Edax Orbis micro-XRF

The concept of X-ray flourescence (XRF) has been around since the early 1900’s, but it wasn’t until the late 1970’s that both theory and engineering caught up to make the technique feasible. Using the behavior of atoms when they interact with x-rays, allows this technique to be robust in the analysis of major and trace elements in both natural and anthropogenic materials. Sample materials are excited by x-rays and become ionized. If the energy of the radiation is sufficient to dislodge an inner electron (tight-bond), the atom becomes unstable and an outer electron (weaker-bond) replaces the missing inner electron. When this happens, energy is released due to the decreased binding energy of the inner electron orbital compared with an outer one. The emitted radiation is of lower energy than the primary incident X-rays and is termed fluorescent radiation. Because the energy of the emitted photon is characteristic of a transition between specific electron orbitals in a particular element, the resulting fluorescent X-rays can be used to detect the abundances of elements that are present in the sample.

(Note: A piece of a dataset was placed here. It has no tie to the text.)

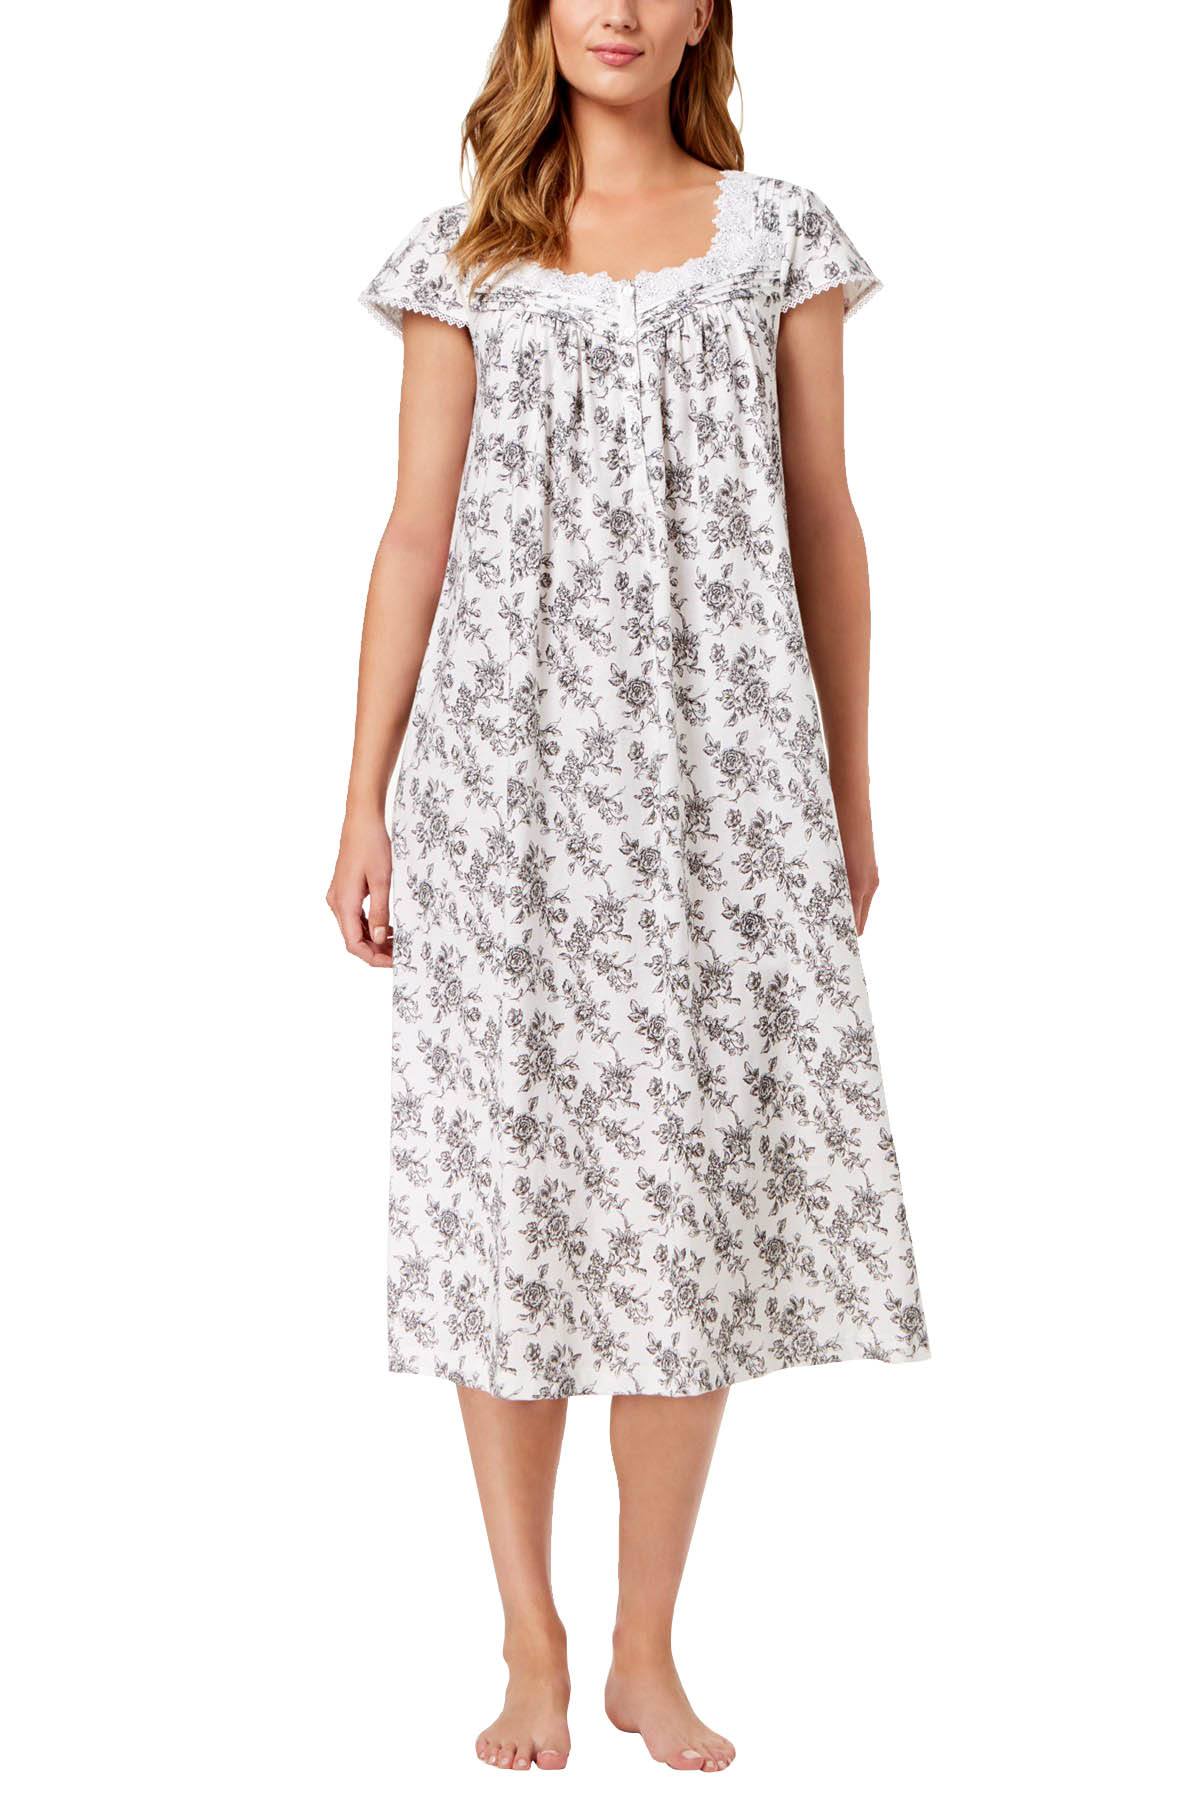 Charter Club Intimates Rose-Toile Printed Cotton Floral Border Nightgown

This technique is ideal for relatively large samples (typically > 1 gram), which can be homogenized and prepared in powder form, Materials for which compositionally similar, well-characterized standards are available, and materials containing high abundances of elements for which absorption and fluorescence effects are reasonably well understood. If your samples do not meet all of the considerations there are sample preparation techniques and instrument filters that can increase the sensitivity of detection limits. This technique cannot determine isotopes or valence states of individual elements.

The Center’s EDAX Orbis micro-XRF has a Ruthenium X-ray tube and the sample chamber can be at atmospheric pressure or in a vacuum.

Liquid, solid, or powders can be run in this analyzer as long as they fit onto the platform. It does allow for a non-destructive analysis of precious and rare samples.

The detection limit is variable depending on sample type, filter use, chamber environment, and z-number.

This technique is particularly well-suited for investigations that involve bulk chemical analyses of major (e.g. Si, Ti, Al, Fe) and minor elements (e.g. Ba, Cu, Ni) in rock and sediment. Detection limits for trace elements are typically on the order of a few parts per million.